However, on 16 June 2001 Chacón shocked the Hungarian crowd by knocking out Kovács in the sixth round. In the first four rounds Kovács built up a comfortable lead on all scorecards, but in the fifth Chacón rocked him with a monster right hook. Kovács's knees buckled, and though he did not go down and spread his arms to show that he is OK, he was rightfully counted on by the referee. Still shaken by the punch (which was the first knockdown since his amateur career) and urged by the fans, instead of trying to survive the round he went after his opponent and only seconds before the bell he was caught again, this time by a huge left hook and was floored. He stood up visibly in trouble, only to be saved by the end of the round. His former coach Imre Szántó, acting as a TV commentator kept telling in the break that he should not continue the fight, yet Kovács came out for the sixth round, only to be knocked down by Chacón again in a few seconds, and the referee calling the bout to a halt immediately.
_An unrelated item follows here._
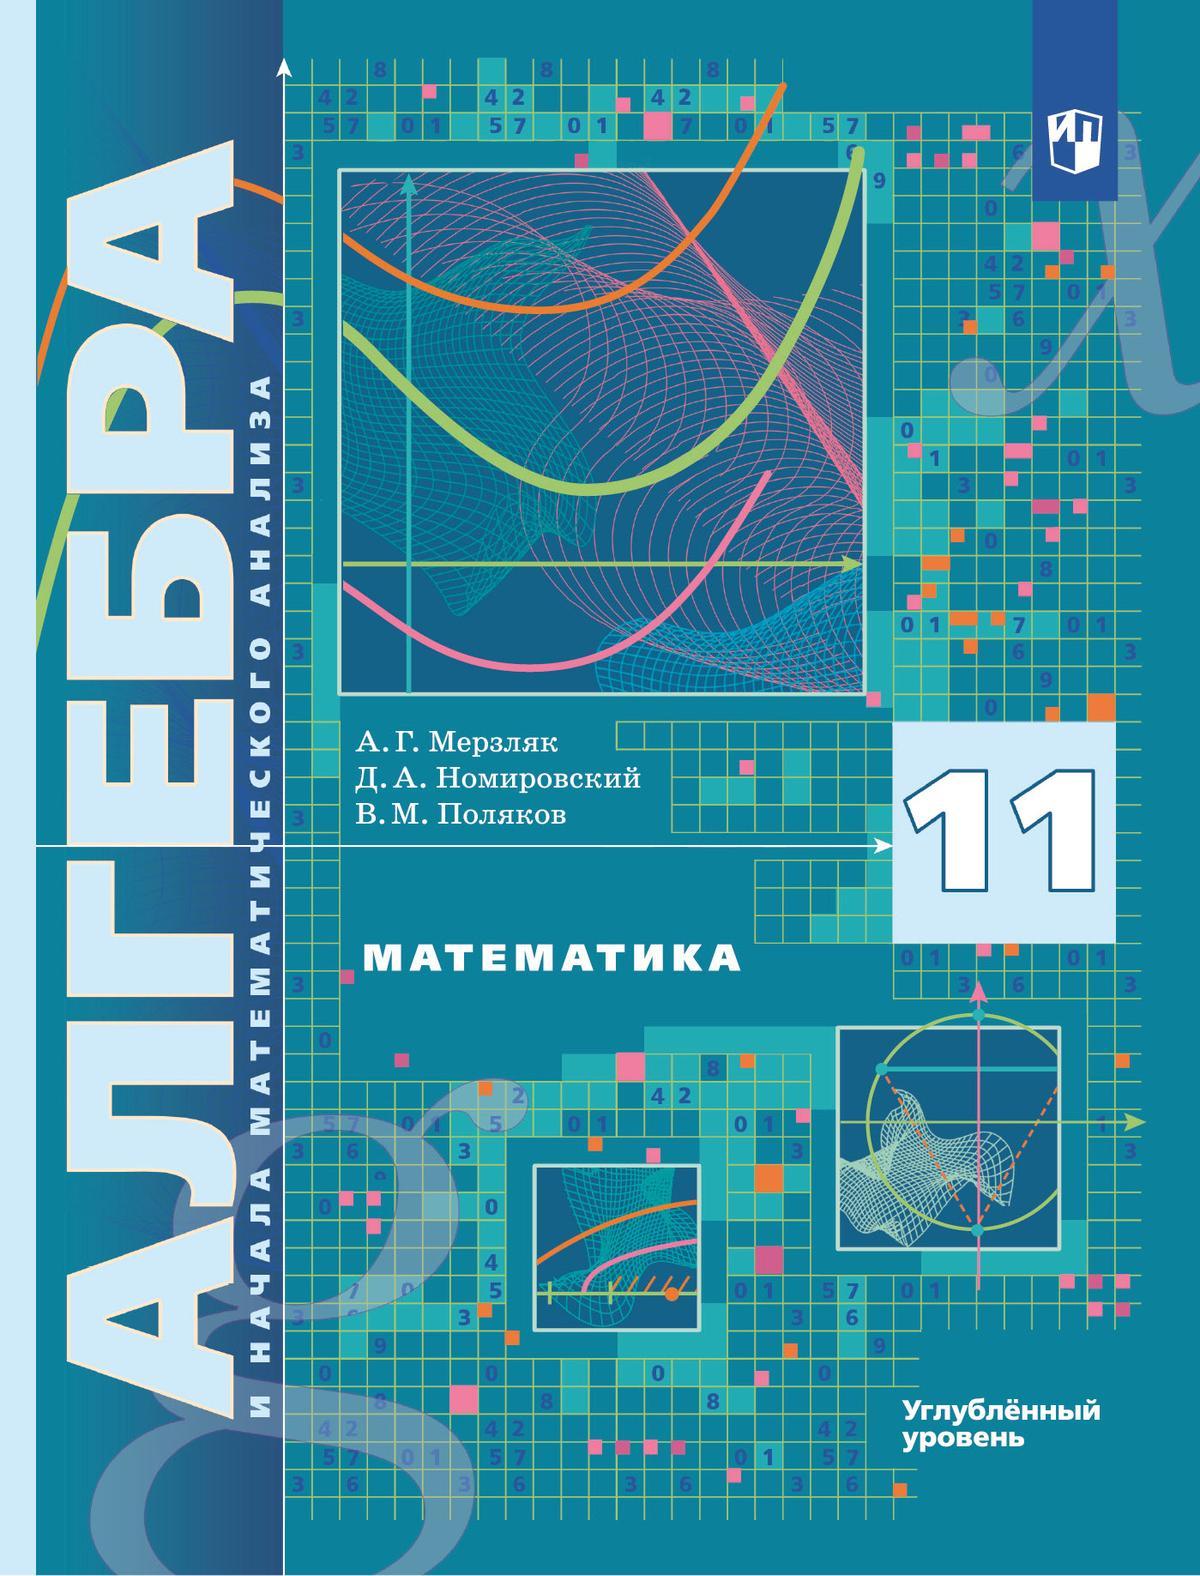 Алгебра и начала математического анализа. 11 класс. Учебник. Углублённый уровень 1

This was one of the major boxing upsets in 2001, though it was overshadowed by the likes of Lennox Lewis losing to Hasim Rahman and Félix Trinidad losing to Bernard Hopkins. In Hungary Kovács was considered a national hero, and his loss was considered by many to be a national tragedy. Rematch clause was not included in the fight contract, and Chacón went on to defend his title two times to other opponents before losing it to Scott Harrison in 2002. Later in 2003 Félix Rácz, a Hungarian boxing manager came up with the idea of bringing Chacón to Hungary again to fight against his former Olympian opponent János Nagy, who since then also turned professional, had an unbeaten record and held the WBO super-featherweight intercontinental title. The bout was entitled "The Revenge" in reference to the Chacón-Kovács fight, and ended in the 10th round in a controversial fashion after Nagy hit his opponent below the belt, and was not disqualified while Chacon was unwilling to continue after the allowed regaining time (a year later the two met again in Hungary in a non-title bout, this time Nagy narrowly outpointing Chacón).

As for Kovács, he never seemed to be the same in the ring. He fought twice more against limited opposition with his former confidence visibly shaken, and after unsuccessful managerial attempts to set up another title fight for him, he retired for good in 2002. His professional record is 22-1.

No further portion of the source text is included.